ASSIGNMENT: What you return should be the full listing, copied exactly and stripped of its pictures.

MATERIAL PROVIDED:
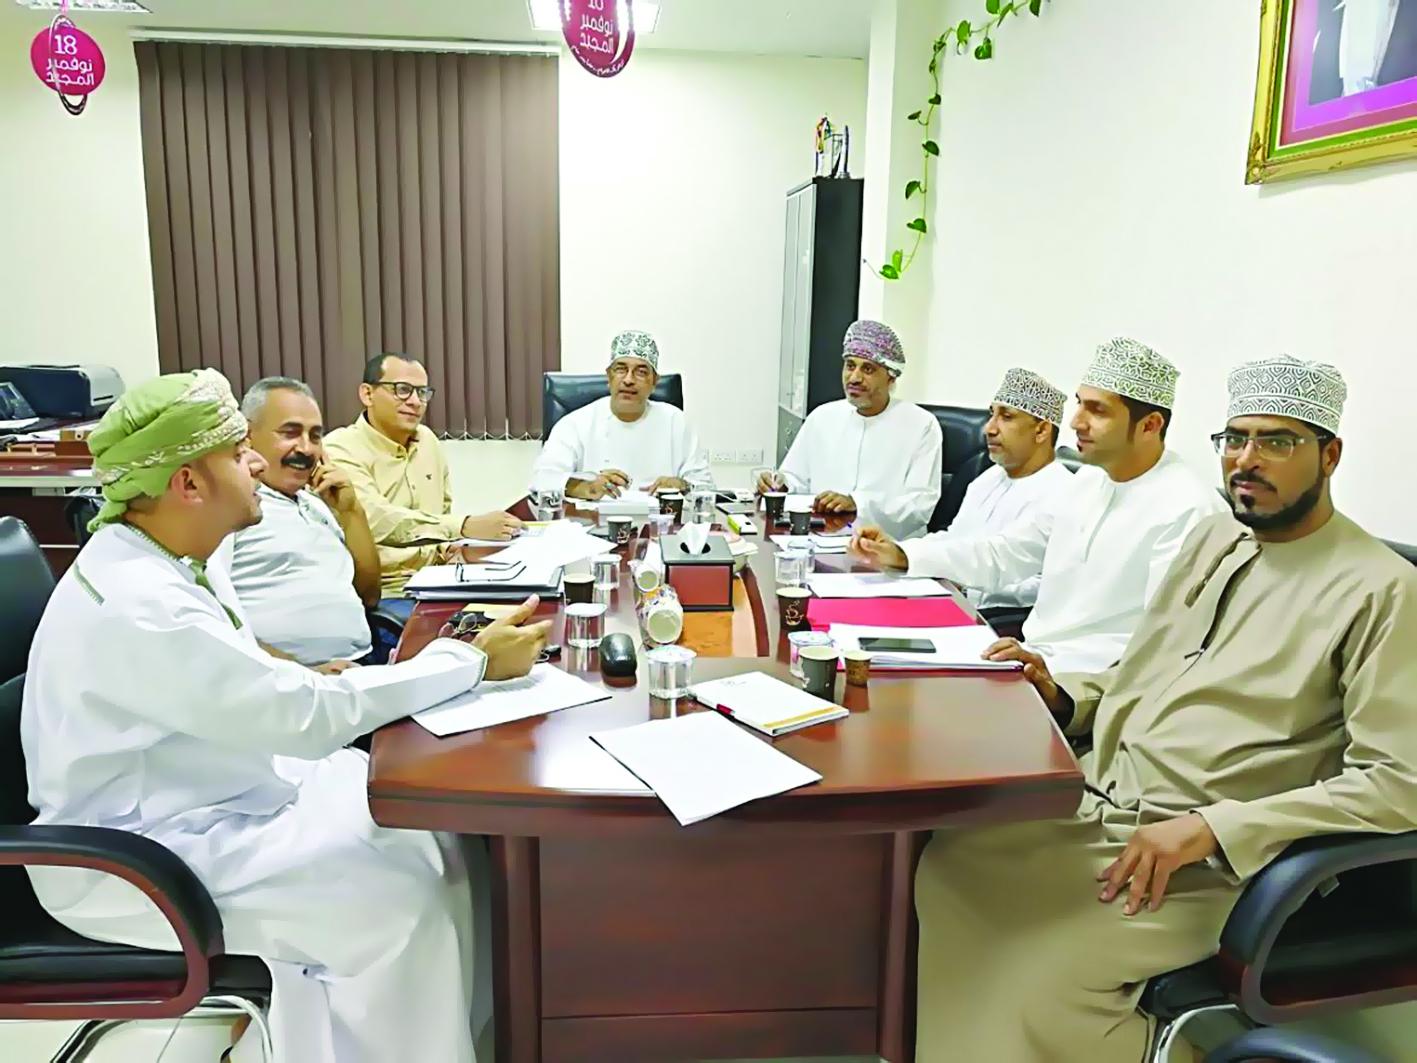 لجنة مسابقات الطائرة تحدد موعد انطلاق دوري الثانية
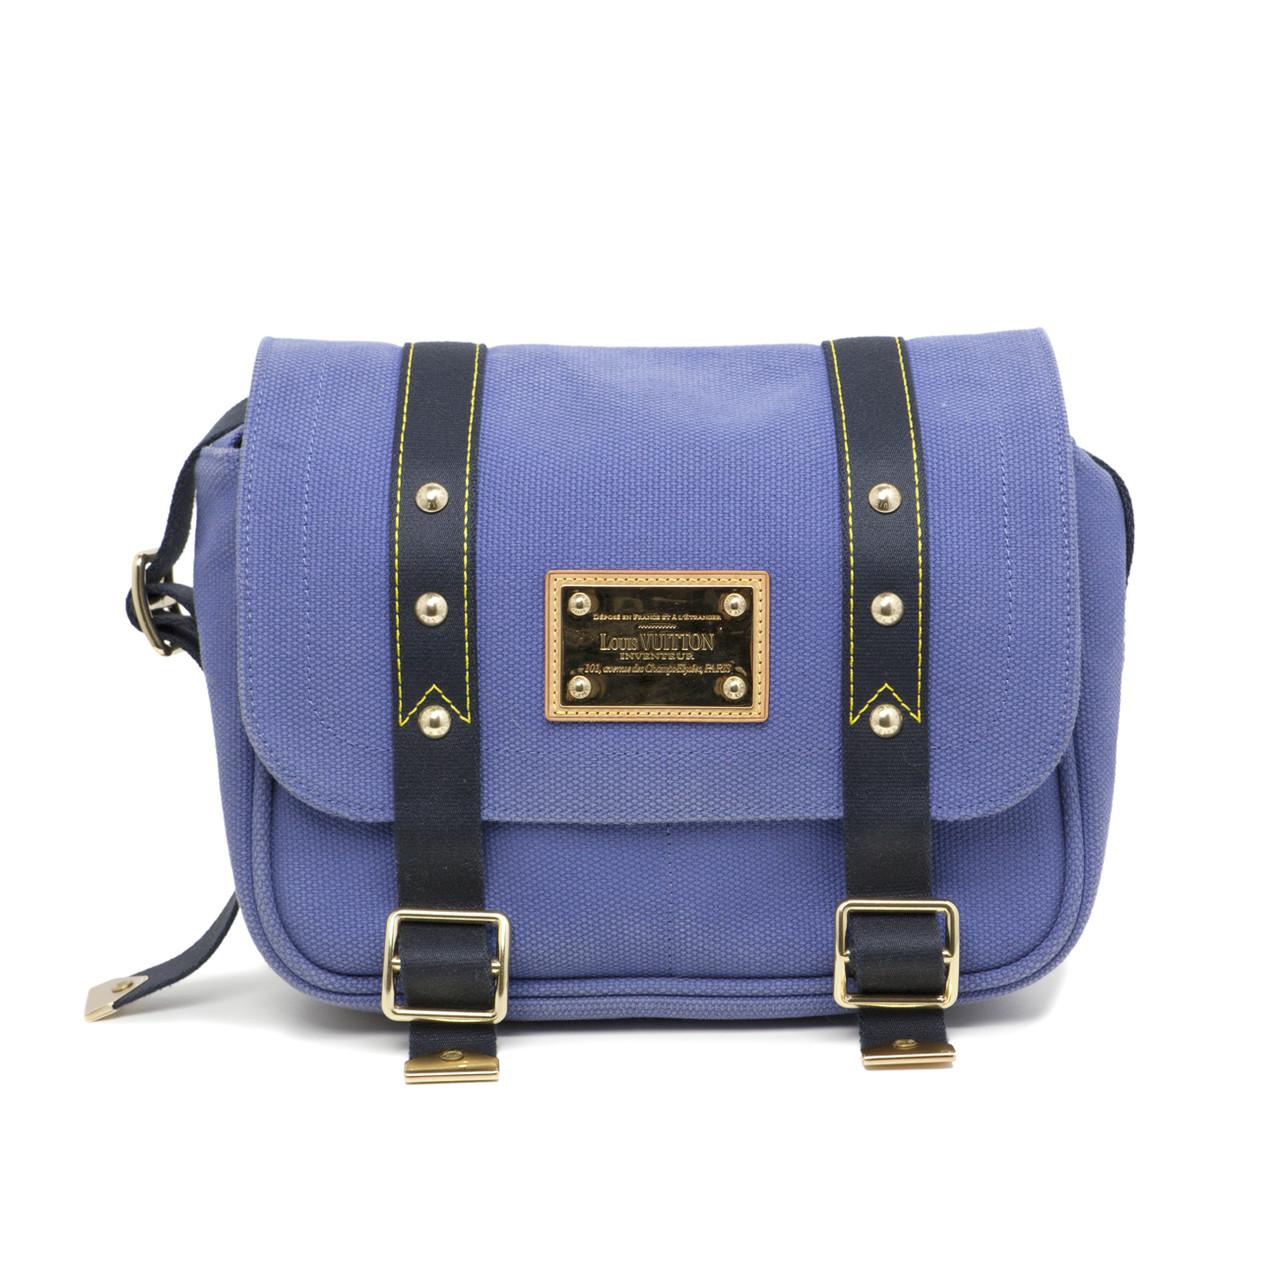 e3011413b Louis Vuitton Indigo Antigua Besace PM Messenger Bag - modaselle
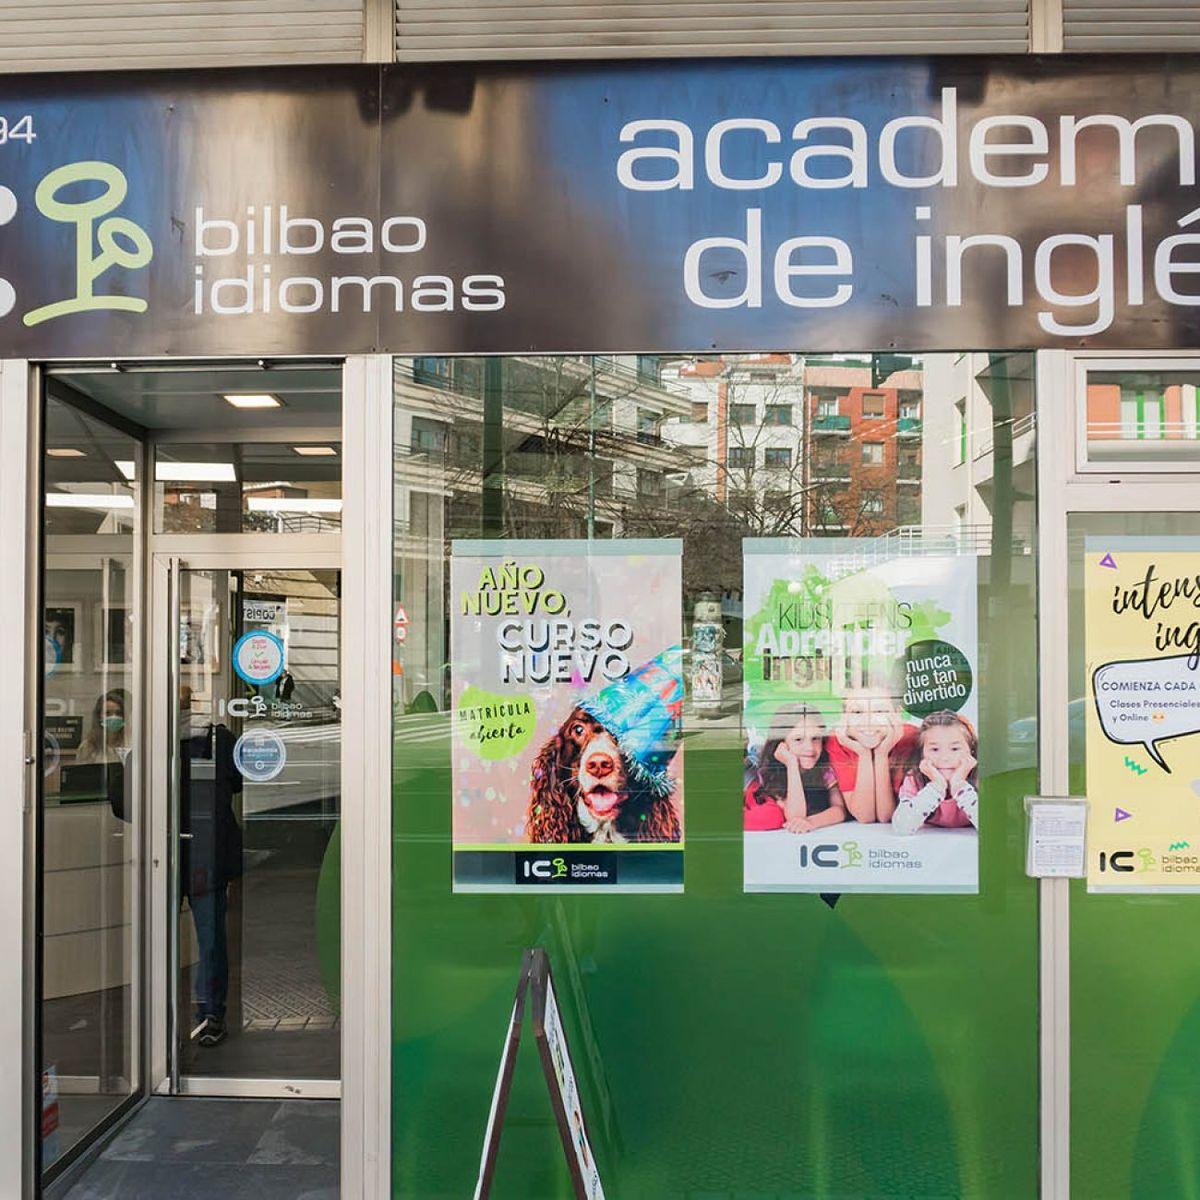 IC Bilbao Idiomas, academia de inglés en Deusto
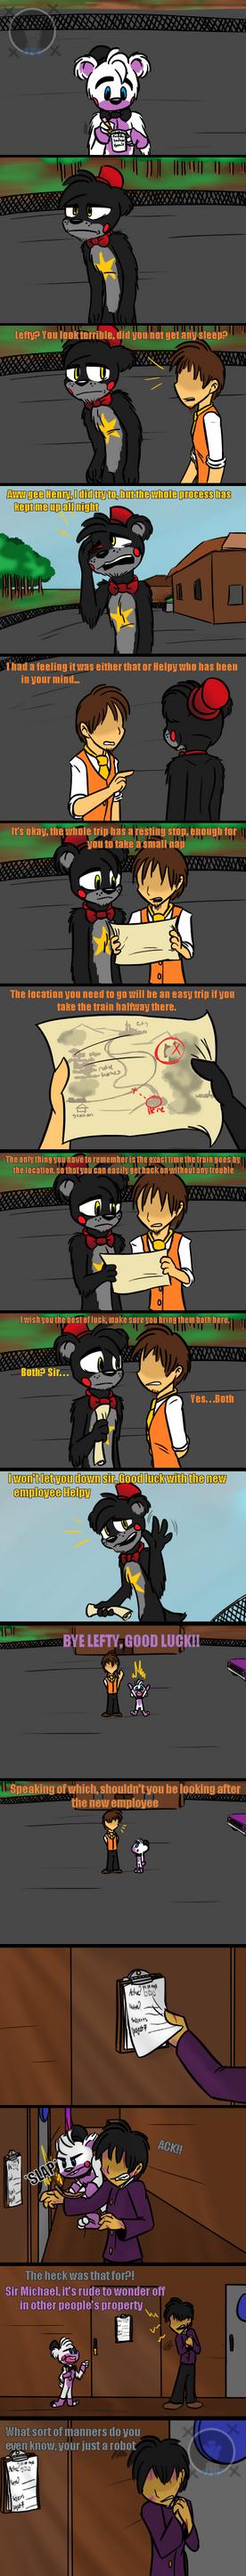 Humble Partner (FNAF 6 Comic) Pt.3 by Blustreakgirl

TASK OUTPUT:
 لجنة مسابقات الطائرة تحدد موعد انطلاق دوري الثانية
 e3011413b Louis Vuitton Indigo Antigua Besace PM Messenger Bag - modaselle
 IC Bilbao Idiomas, academia de inglés en Deusto
 Humble Partner (FNAF 6 Comic) Pt.3 by Blustreakgirl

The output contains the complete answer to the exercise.